# TTOC win Gold Events and Special Awards



## John-H (Jul 13, 2005)

*TTOC wins Gold and Special awards at Audi Driver International*
















For the 6th year running the TT Owners Club have been awarded the *Audi Driver international Gold award *for best club event and this year the *Michelin Special award *for the club which has done most for its members.










Michelin marketing manager Mike Meredith and Anne from Autometrix, present awards to (from left) John Handford (aka John-H), Dani (A3DFU), Andrew Abrahams (wallsendmag), Nick Goodall (Nem), Steve Law (TT Law), Andrew Stevenson(YELLOW_TT).

The awards evening at the Swindon Hilton rounded off a fantastic weekend with the biggest ever club stand at the ADI at Castle Combe with two exclusive TT track sessions organised by the club.
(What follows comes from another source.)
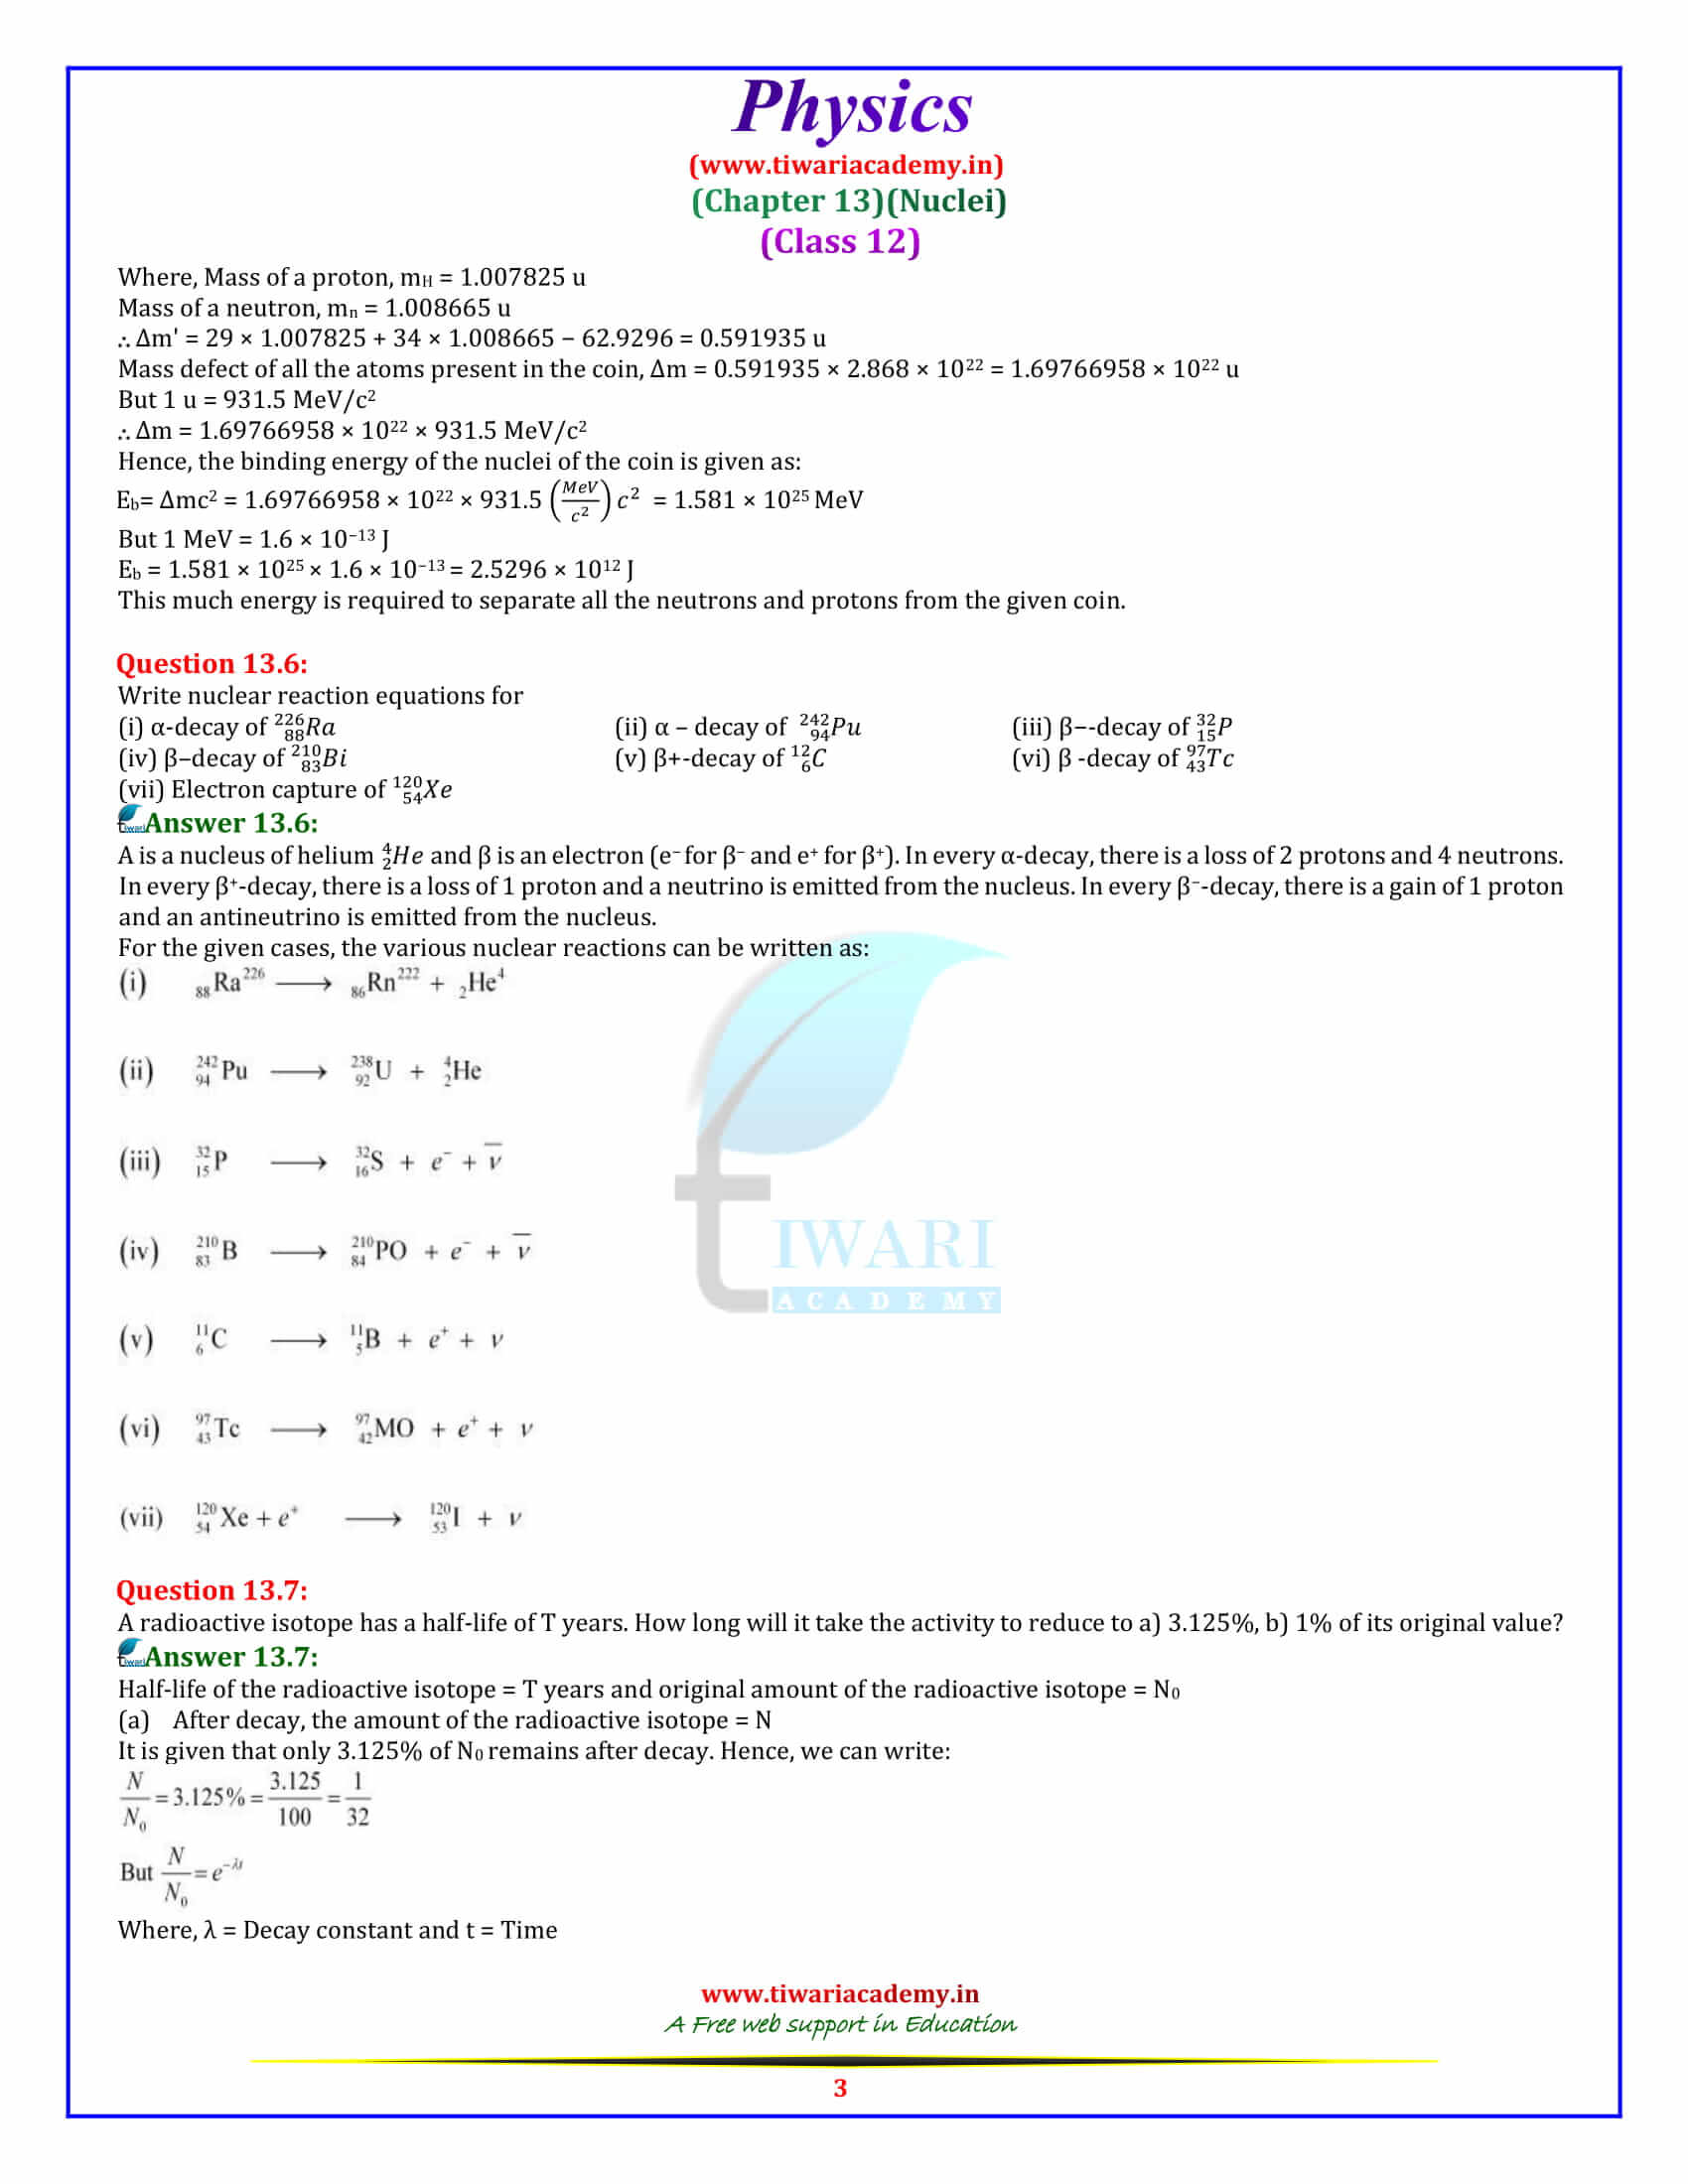 NCERT Solutions for Class 12 Physics Chapter 13 Nuclei in pdf form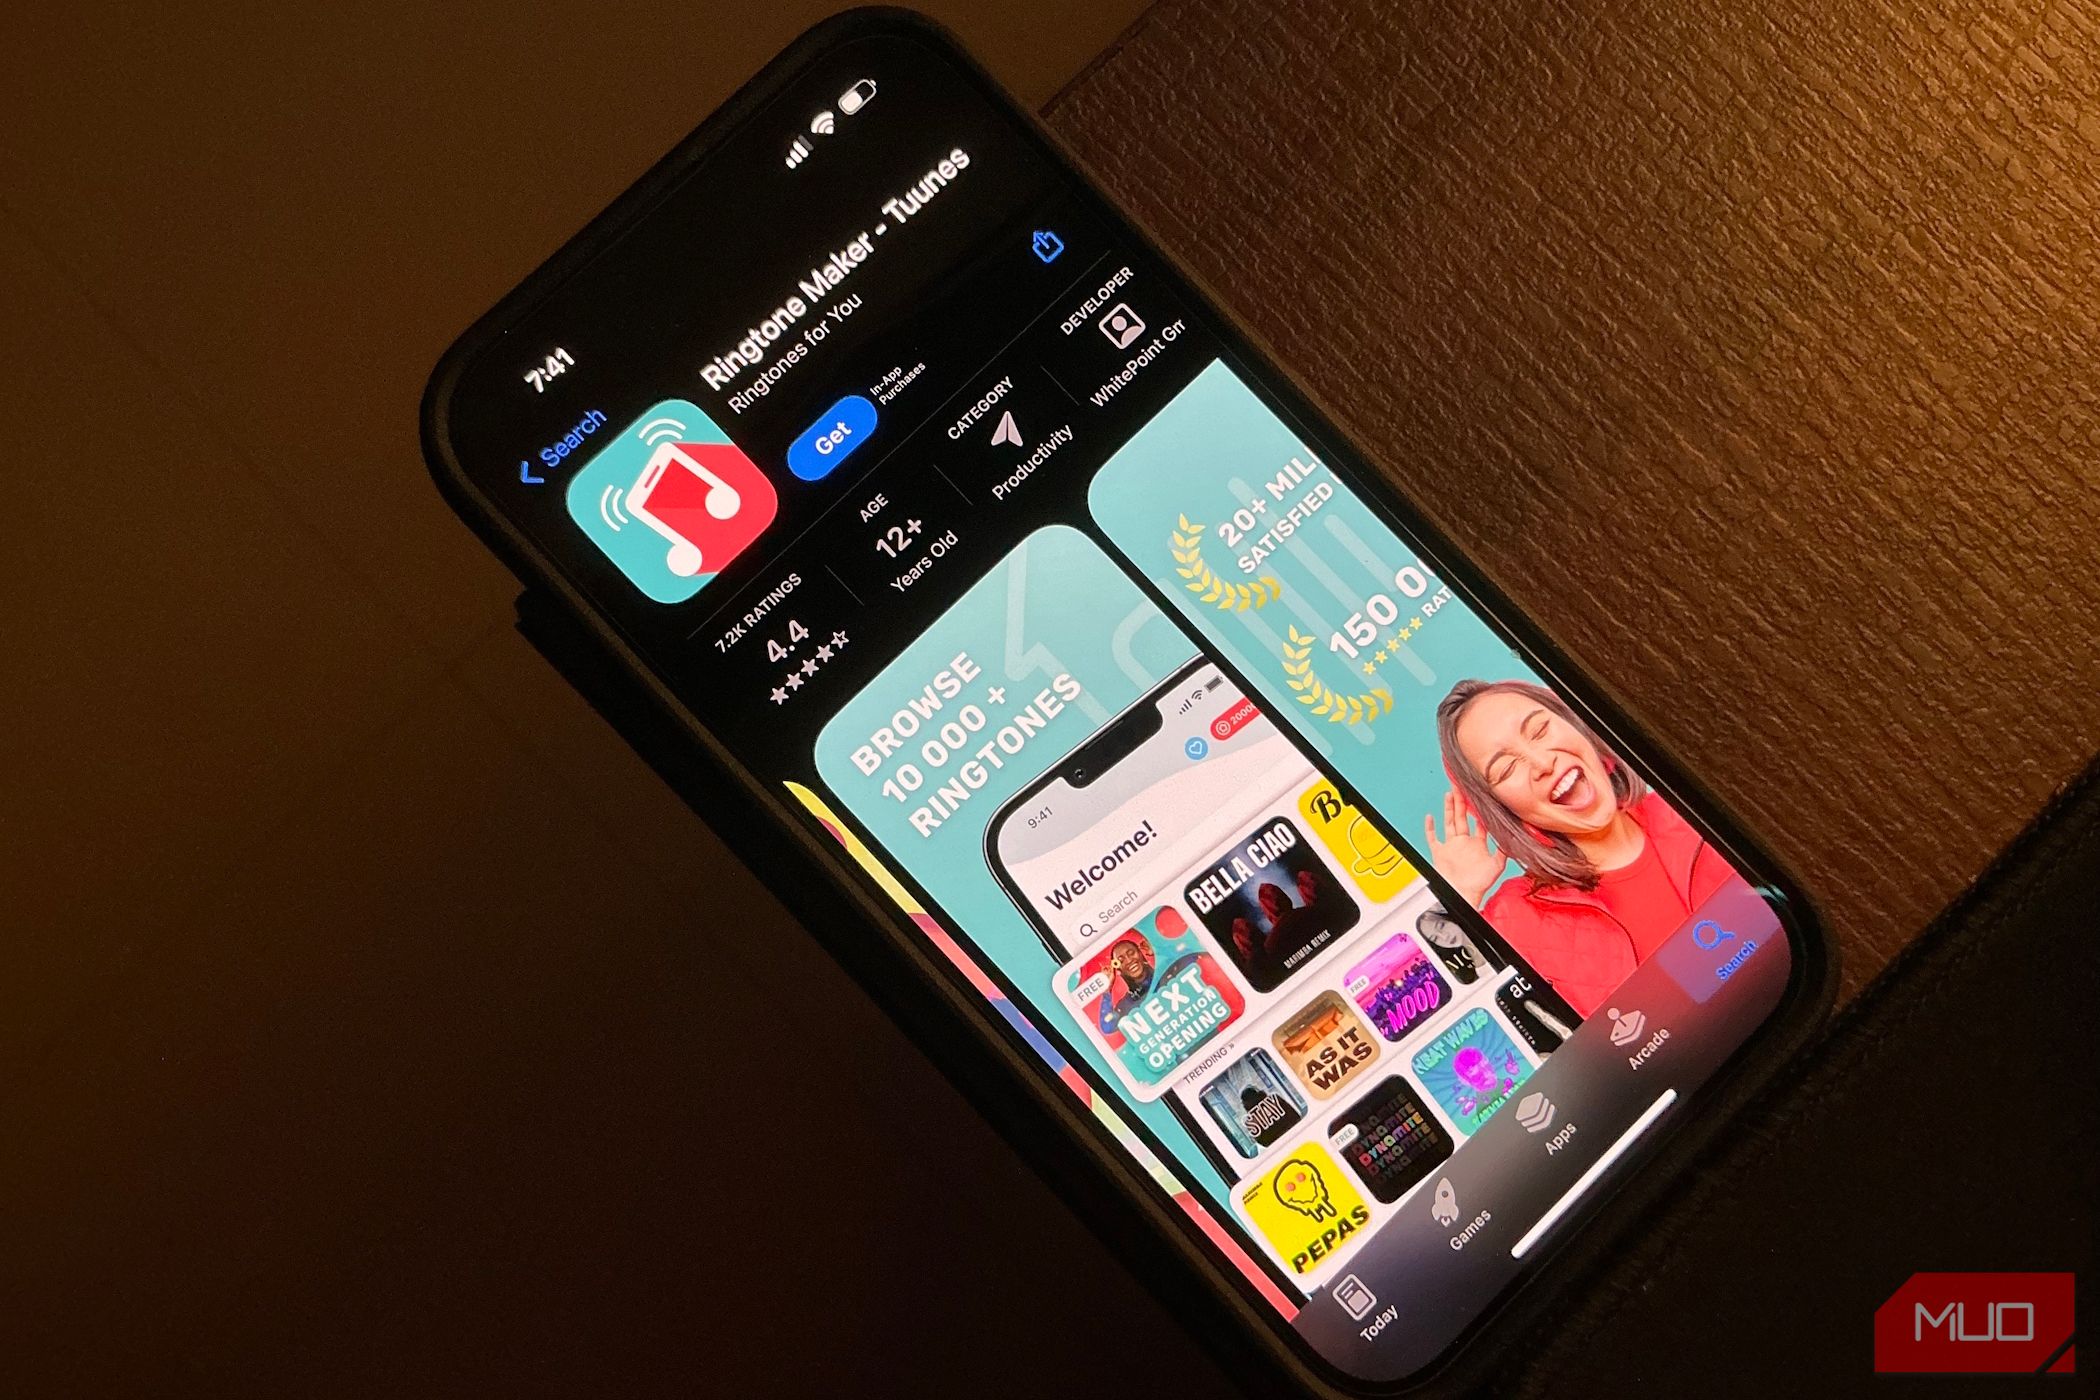 Ringtone app on an App Store shown on an iPhone laying on a desk

Thanks to Autometrix for another fabulous event, to everyone who worked hard to make this a success and to all our members for their fantastic support and participation which makes the whole thing worthwhile.


----------



## brittan (May 18, 2007)

Congratulations to all the TTOC committee for their hard work over the last year to which these awards are testament.

Well done too to the life blood of the TTOC - all the club members, both new and old.

[smiley=drummer.gif] [smiley=mexicanwave.gif] [smiley=thumbsup.gif]


----------



## JorgeTTCQ (May 7, 2002)

Congratulations TTOC.
This award is the result of the TTOC committee effort, well done!

Cheers


----------



## phodge (Sep 1, 2002)

[smiley=mexicanwave.gif]

Congrats to you all!!


----------



## j8keith (Jun 26, 2009)

Well done, the Awards were richly deserved, same again or more next year I hope.    
[smiley=mexicanwave.gif] [smiley=mexicanwave.gif] [smiley=mexicanwave.gif]


----------



## wja96 (Mar 4, 2010)

Very well done. Richly deserved.

Thanks for all the hard work!


----------



## TT_RS (Jul 10, 2009)

Congrats to all in UNMISTAKABLY the best Audi TT club known. Special congrats and thanks for all the hard work and EFFORT that the Committee ceaselessly tire to achieve. Well done .
Stu
[smiley=mexicanwave.gif] [smiley=mexicanwave.gif] [smiley=mexicanwave.gif]


----------



## stevebeechTA (May 16, 2009)

Nice one everyone, congrats


----------



## les (Jul 24, 2006)

Well done guys a credit to you all.


----------